Data extract
■ ■ ■
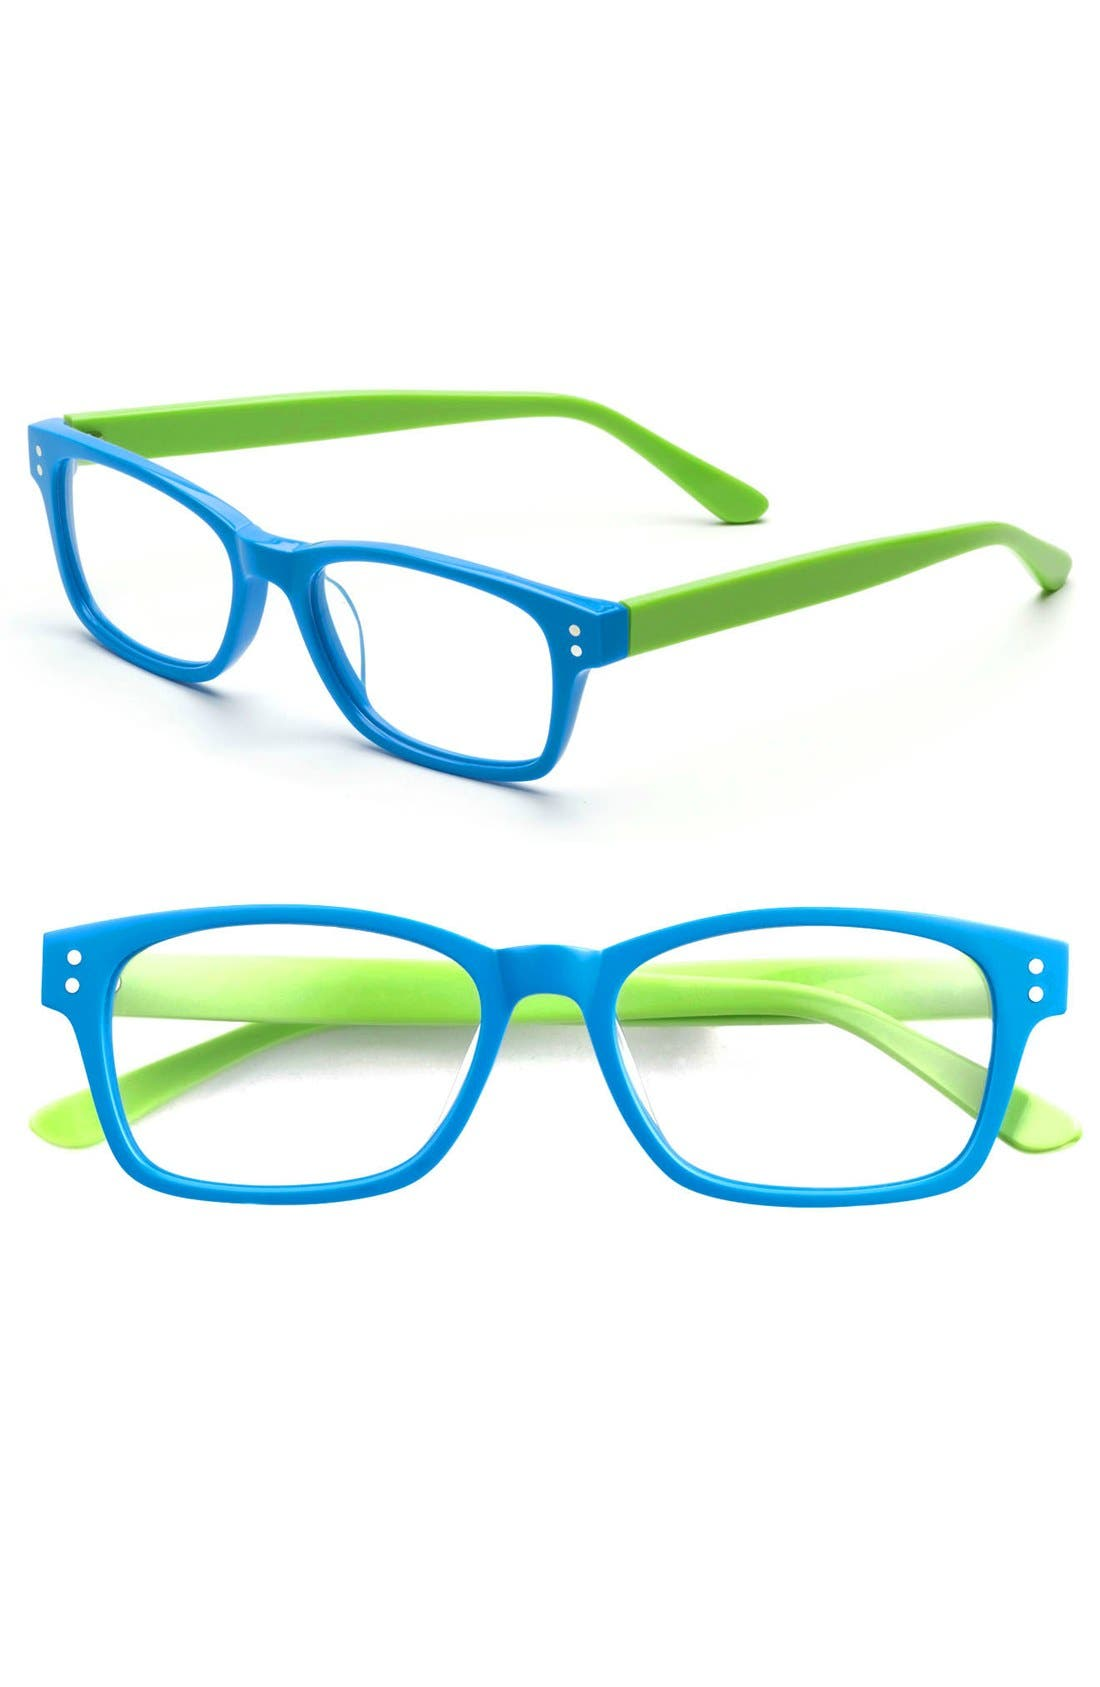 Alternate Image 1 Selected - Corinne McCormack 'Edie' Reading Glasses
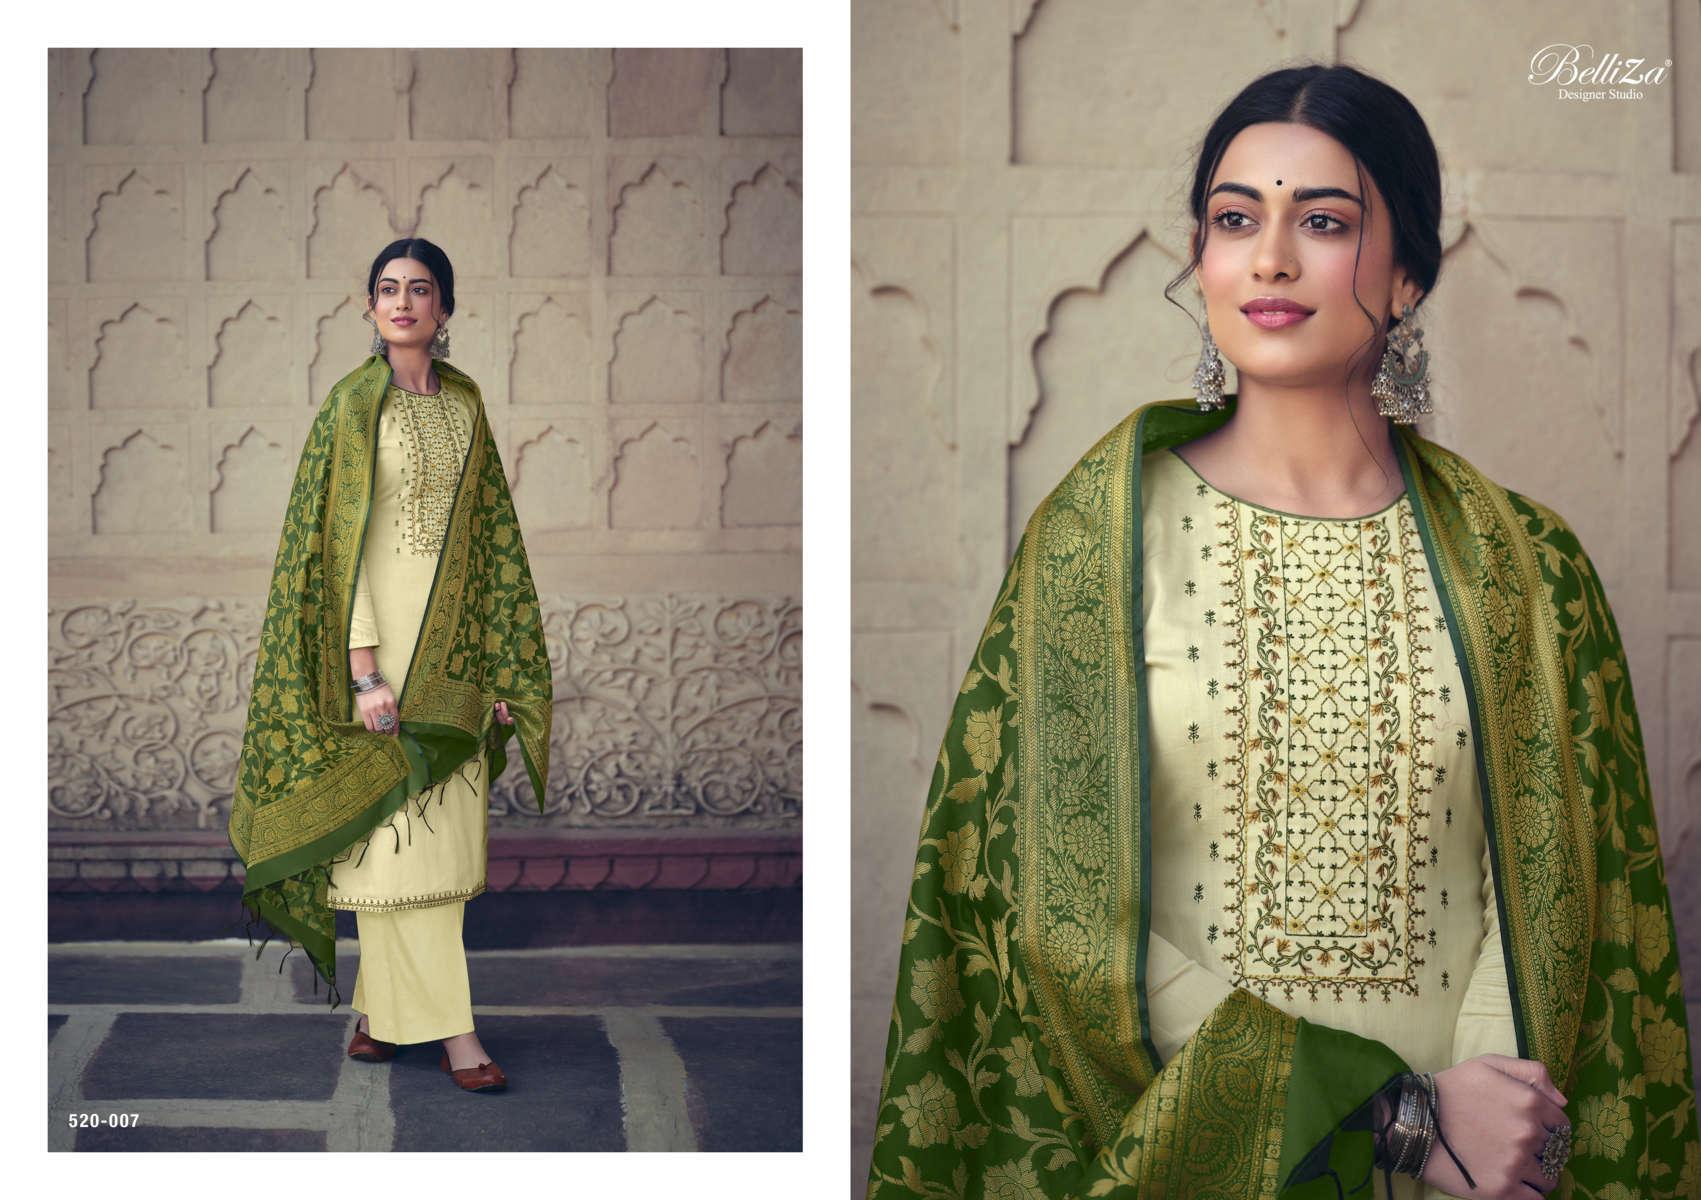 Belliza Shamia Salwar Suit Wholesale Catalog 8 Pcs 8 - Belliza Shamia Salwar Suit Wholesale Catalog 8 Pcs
■ ■ ■
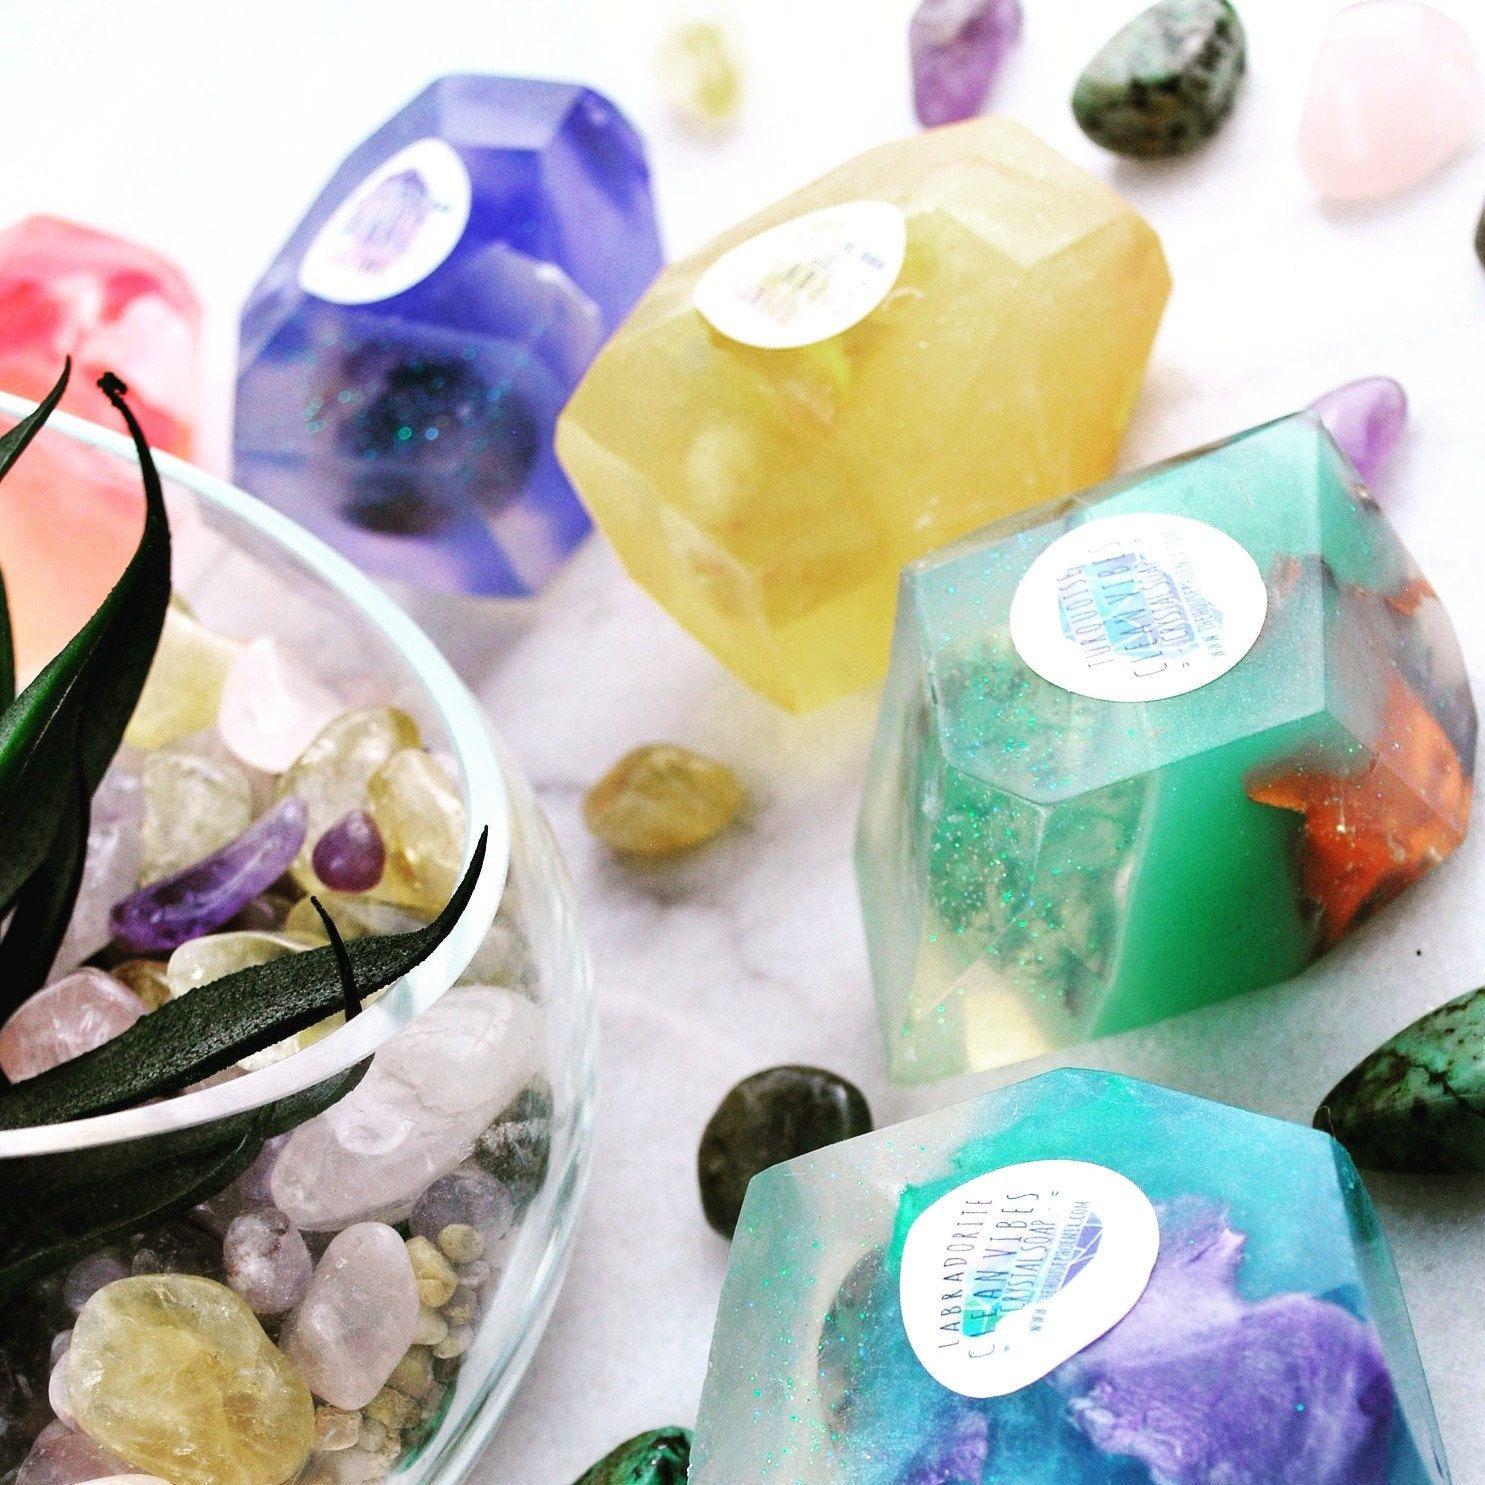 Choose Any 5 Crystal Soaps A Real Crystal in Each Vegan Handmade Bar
■ ■ ■
Exercise instructions
Beginning with the line above that has "Alternate Image 1" and going on through the line that has "Belliza Shamia Salwar Suit Wholesale Catalog 8 Pcs 8", retype every line exactly and add nothing else; drop the pictures.

Response to this task
 Alternate Image 1 Selected - Corinne McCormack 'Edie' Reading Glasses
 Belliza Shamia Salwar Suit Wholesale Catalog 8 Pcs 8 - Belliza Shamia Salwar Suit Wholesale Catalog 8 Pcs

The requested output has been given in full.